Nginx location and rewrite configuration made easy
Okay guys, so as many of you know, we offer both Apache and Nginx servers here as part of our standard shared hosting packages. There is no better web server out there for reliable performance in a high-traffic environment. One thing that I frequently go through with the new staff here are nginx location / rewrite rules because they can be a bit confusing.
The best way to think of things is that as a request comes in, Nginx will scan through the configuration to find a “location” line that matches the request. There are TWO modes that nginx uses to scan through the configuration file: literal string matching and regular expression checks. Nginx first scans through ALL literal string location entries in the order that they occur in the configuration file, and secondly scans through ALL the regular expression location entries in the order that they occur in the configuration file. So be aware – location ordering order DOES matter.

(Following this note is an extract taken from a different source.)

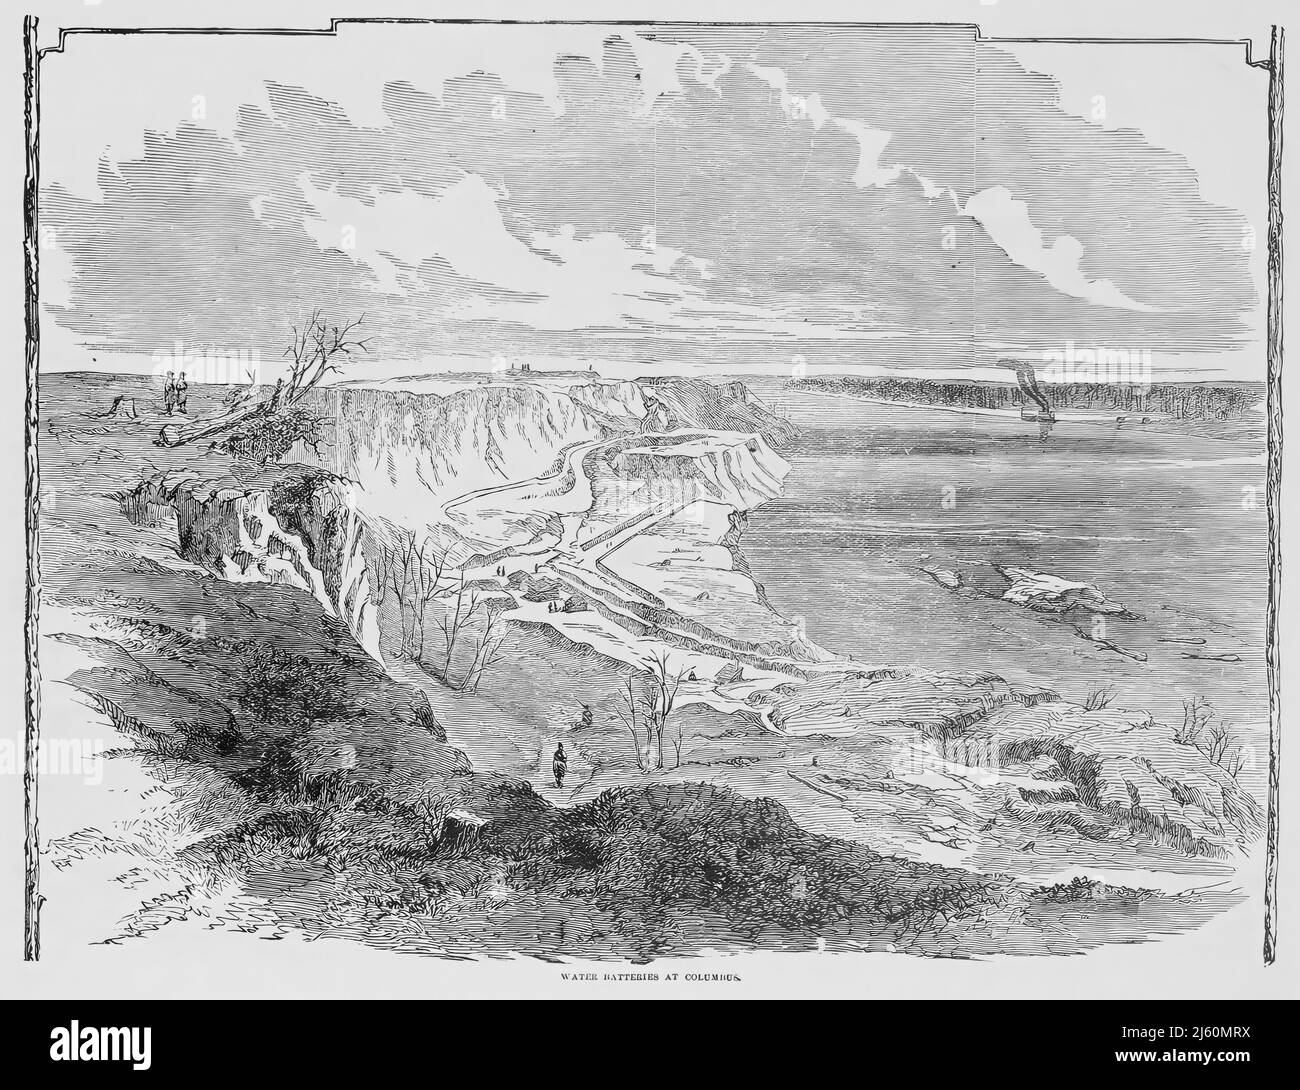 Water Batteries at Columbus, Kentucky, in the American Civil War. 19th century illustration Stock Photo

Now there’s a few ways of interrupting that flow:
location = /images { }
(Note: does not work for regular expressions)
The “=” is the important character here. This matches a request for “/images” ONLY. This also halts the location scanning as soon as such an exact match is met.
location ^~ /images {}
(Note: does not work for regular expressions)
The “^~” results in a case sensitive match for the beginning of a request. This means /images, /images/logo.gif, etc will all be matched. This also halts the location scanning as soon as a match is met.
location ~ /images {}
location ~* /images {}
(case insensitive version)
This causes a case (in-)sensitive match for the beginning of a request. Identical to the previous one, except this one doesn’t stop searching for a more exact location clauses.
That’s IT! Yes it really is that simple. Now there’s a few variations for case-insensitive matches or named-locations, but don’t worry about those for now.
Now all of the above examples are literal string examples. If you replace /images with a regular expression then suddenly you have altered the order of the rules (remember ALL literal strings get checked first, and THEN regular expressions – regardless of the order you have them in your configuration).
An examples of a regular expression match is:
location ~ \.(gif|jpg|jpeg)$ { }
This will match any request that ends in .gif, .jpg, or .jpeg.
So now that we’ve discussed the foundations of the location rules, we can move into rewrites. There are TWO kinds of rewrites – URL redirects (HTTP301/HTTP302), or an internal rewrite (mangles the request before it is processed).
URL Redirects are the simplest to understand:
location /admin {
rewrite ^/admin/(.*)$ http://admin.example.com/$1 permanent;
}
This example will redirect any request matching the location rule (see earlier) as a HTTP 301 permanent redirection to http://admin.example.com/. e.g. http://www.example.com/admin/index.html now gets HTTP redirected to http://admin.example.com/index.html. Note the regular expression and the $1 replacement in the URL. If you want the redirect to be a HTTP 302 (temporary redirection), just change the word “permanent” to “redirect”.
Internal rewrites are a little more complicated:
location /admin {
rewrite ^/admin/(.*)$ /$1 break;
}
The key word here is “break”. This causes the rewrite processing to stop. If this word was “last”, it would then go back to scanning location entries as per our discussions earlier – but now with the rewritten URL.
I hope that clears up nginx configuration. The documentation is really good over at the nginx wiki (http://wiki.nginx.org/NginxModules). I think this was the only part that sometimes confuses some of us here. let us know if you think I missed anything, otherwise I hope to put up some of our nginx rewrites for some o the more popular forums/blogs in the weeks to come!